He heard Finn's name mentioned once or twice, usually in dismissive tones as a "gambling fool" or "small-time runner" who got what was coming to him. No one seemed to know or care who actually killed him, confirming the old fisherman's initial assessment. It was just another death in the rough-and-tumble port city.
One afternoon, while helping Martha unload a delivery of ale barrels (his STR 9 making the task manageable now, not agonizing), Bors, the taciturn cook, surprised him by speaking more than two words.
"Heard 'bout job," Bors grunted, wiping sweat from his brow. "Adventurers' Guild. Needin' bodies. Goblin trouble up in foothills."
Kevin blinked.
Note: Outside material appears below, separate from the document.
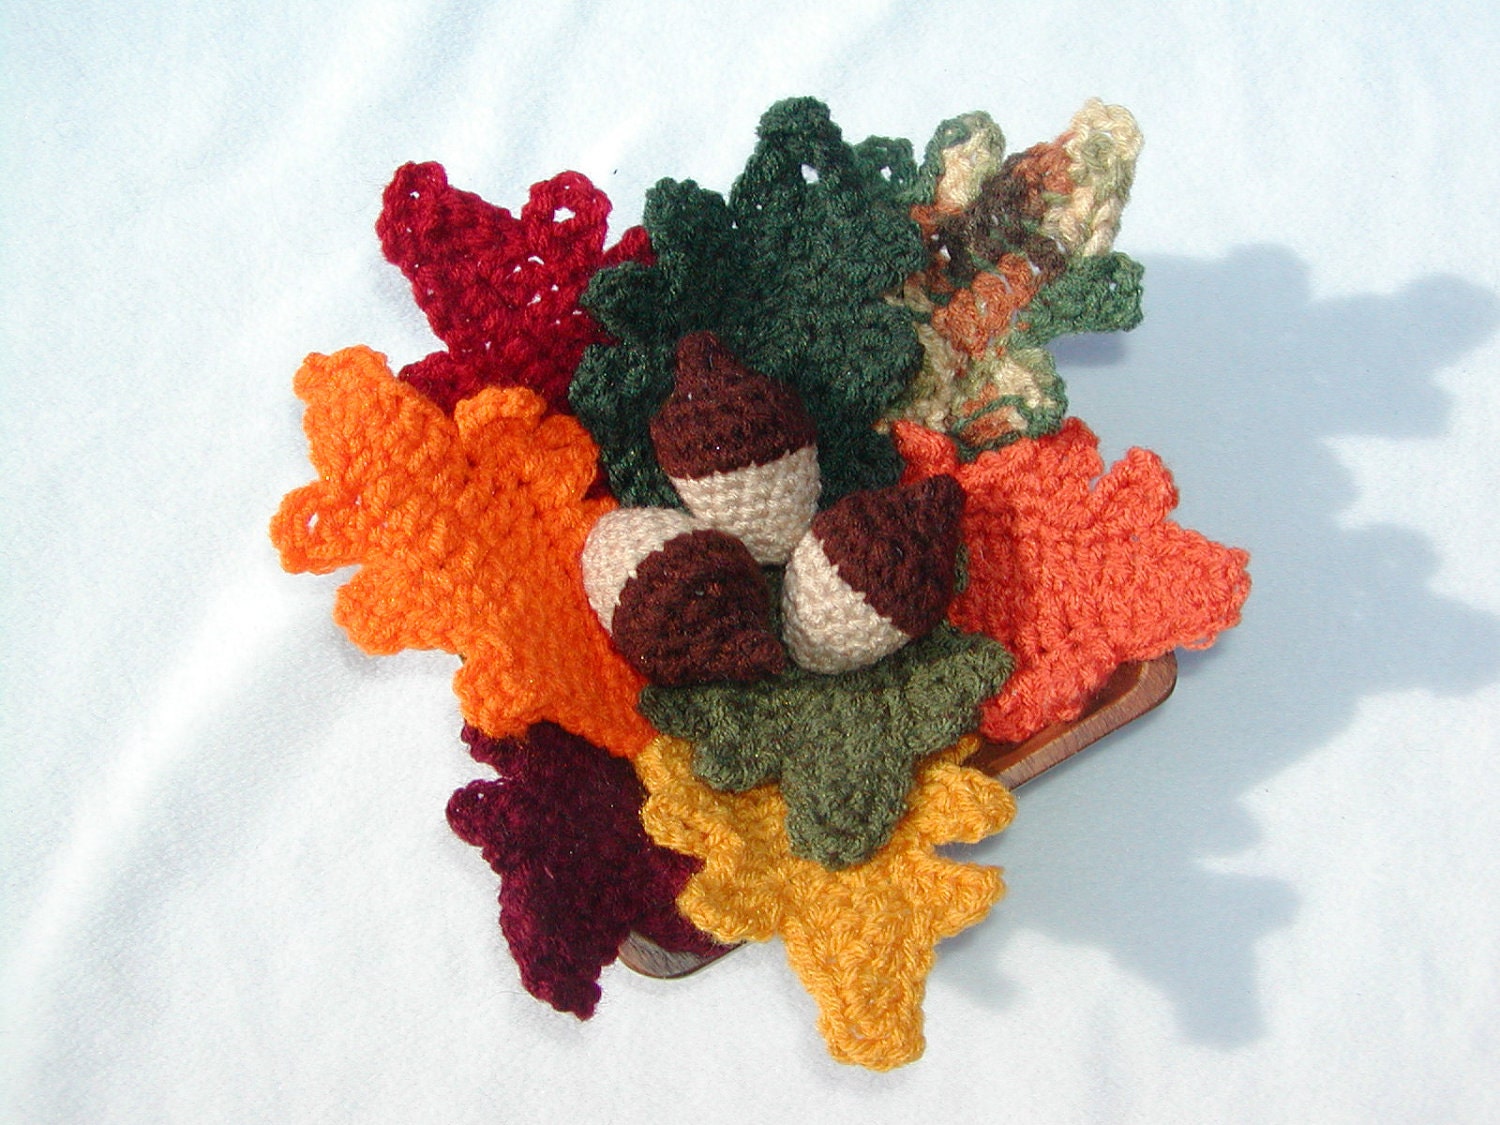 Crocheted Fall Leaves and Acorn Group - honeybee69

The Adventurers' Guild? Like in the games? And the Guide's Appendix F? It sounded dangerous, far more so than rats or loose hinges. Goblins. Actual goblins.
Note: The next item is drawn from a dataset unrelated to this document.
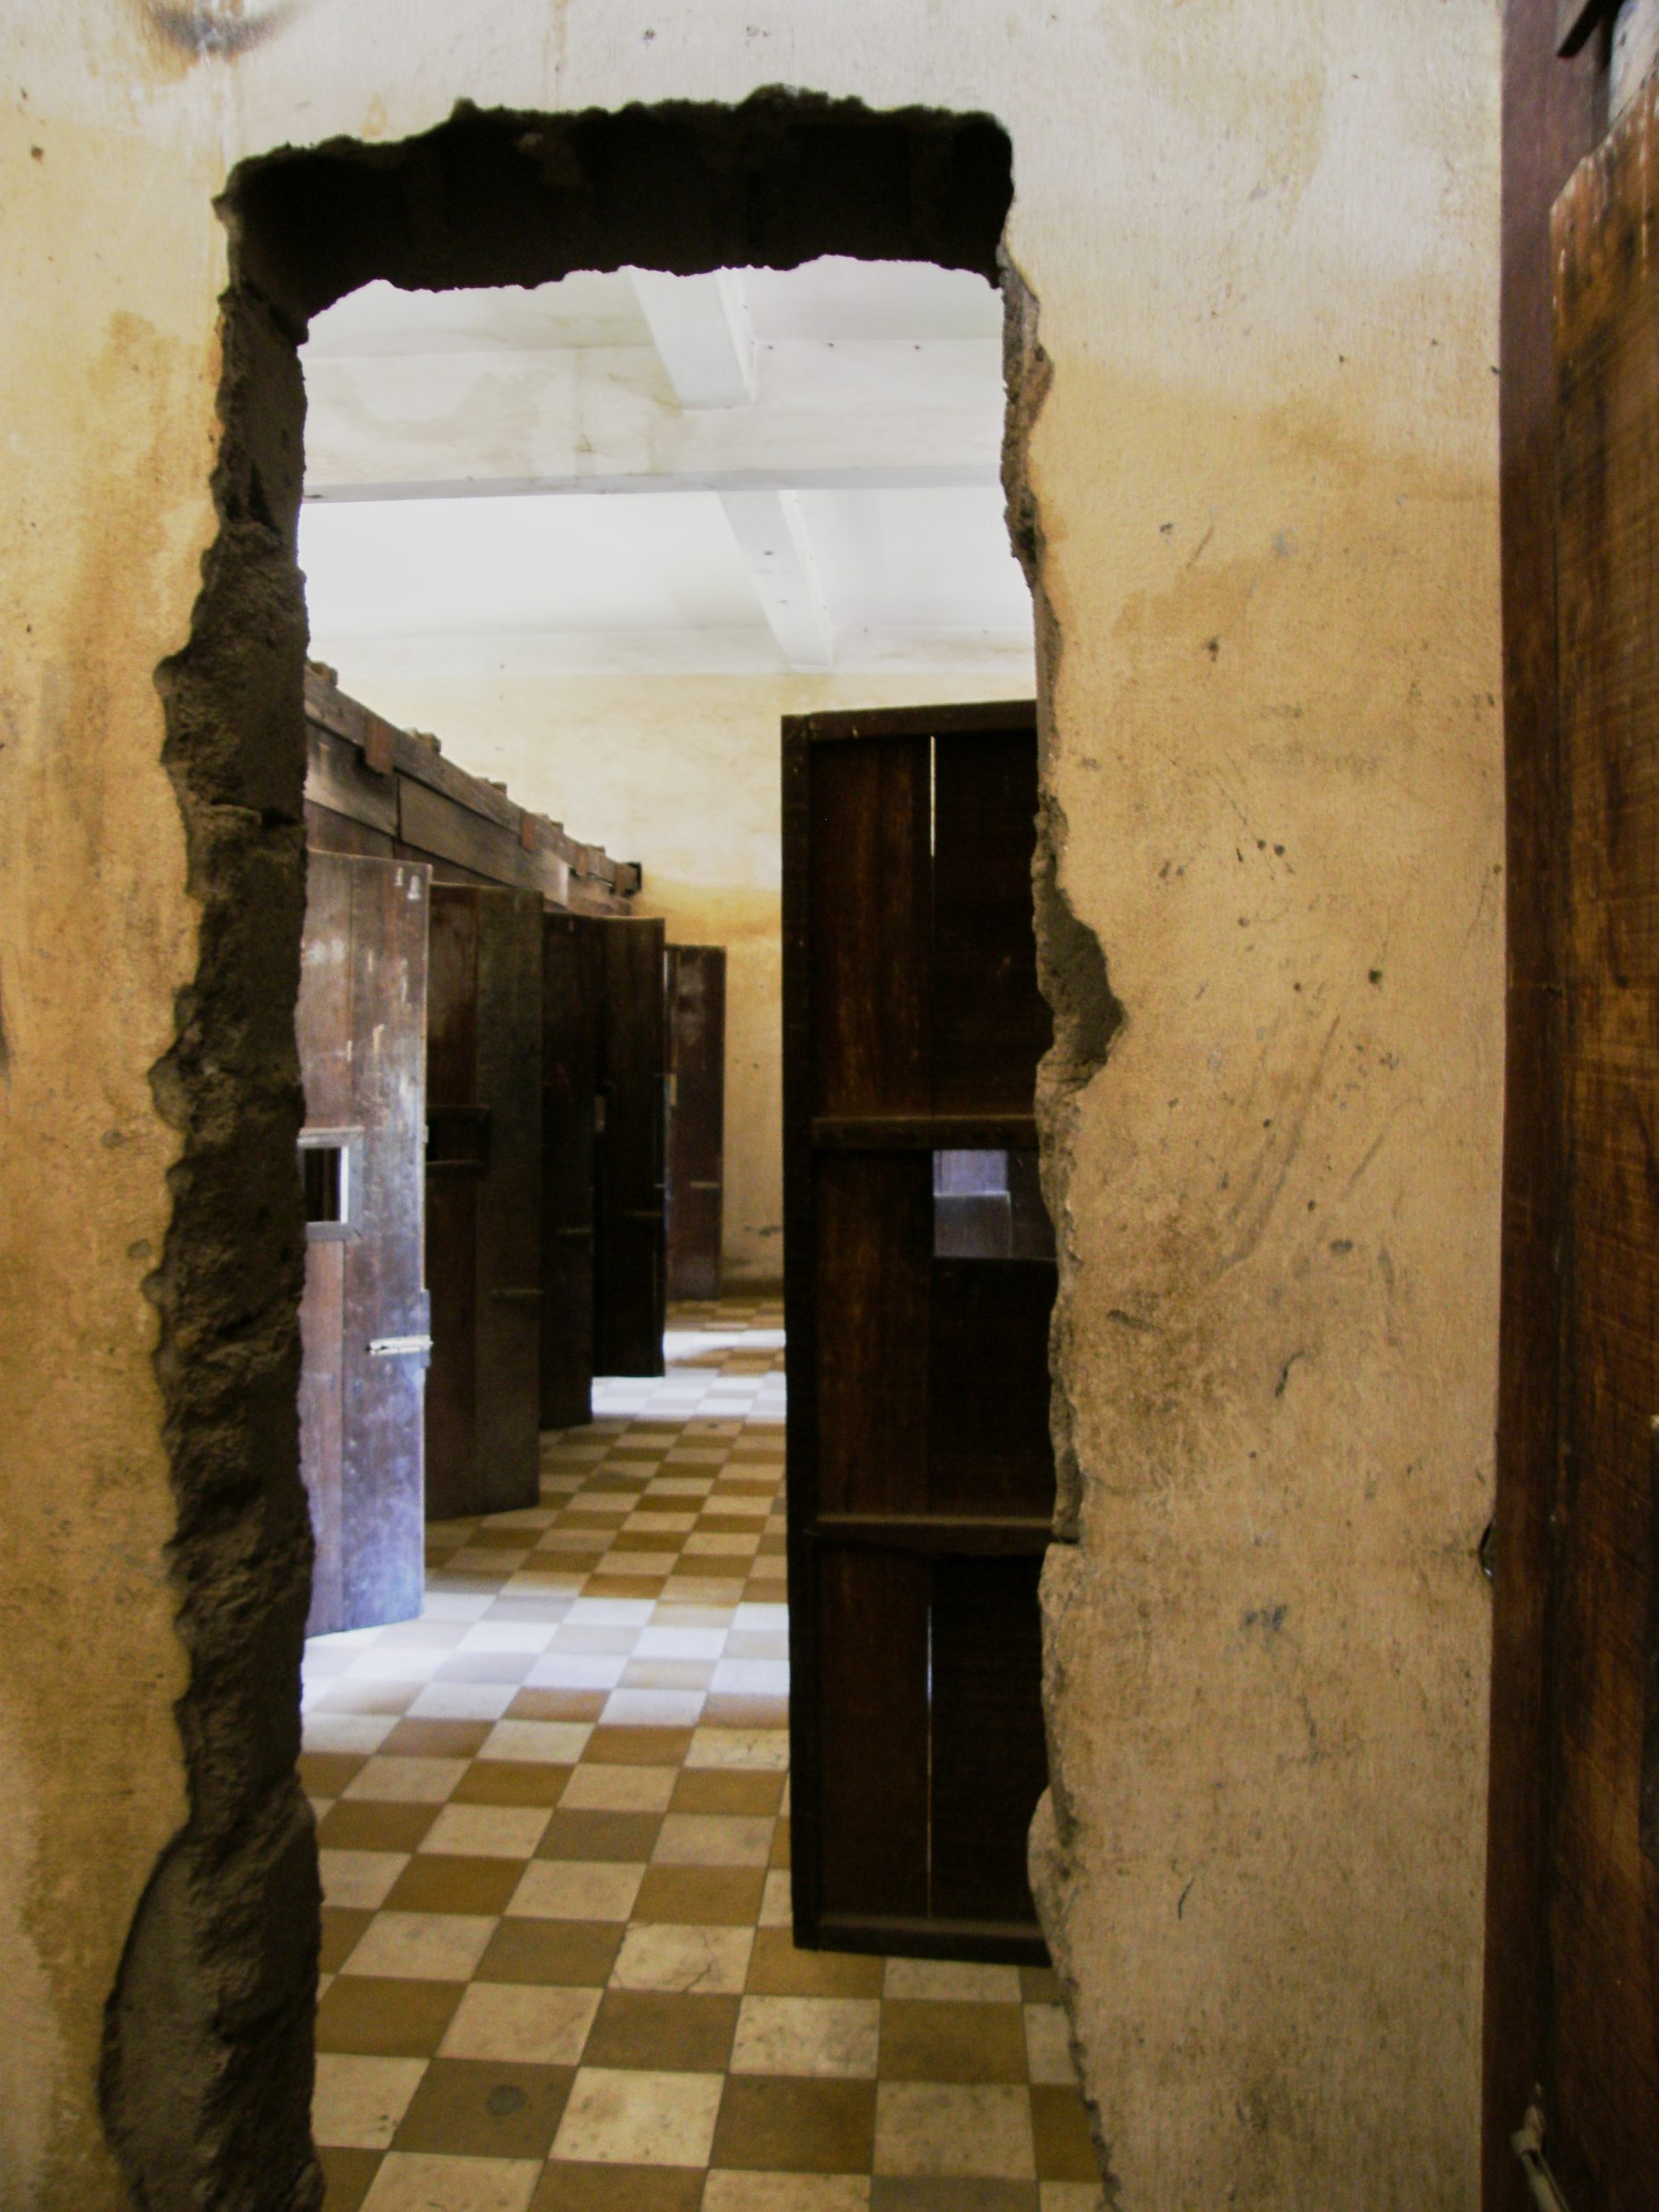 Prison/room doors at Tuol Sleng

"Adventurers' Guild?" Kevin asked cautiously. "Isn't that... risky?"
Bors shrugged, a surprisingly expressive gesture for him. "Pay better 'n rats. Kill ten goblins, get silver. Need proof, though. Ears, usually." He grimaced. "Messy."
Ten goblins for silver. It was tempting, especially with the hidden silver piece burning a hole in Kevin's pouch, reminding him of bigger possibilities. But the Guide warned about incompetent teammates, high risks, and needing a competency test. He pictured himself, Level 2 Odd Jobber with a rusty shank, trying to join. Laughter seemed the most likely outcome.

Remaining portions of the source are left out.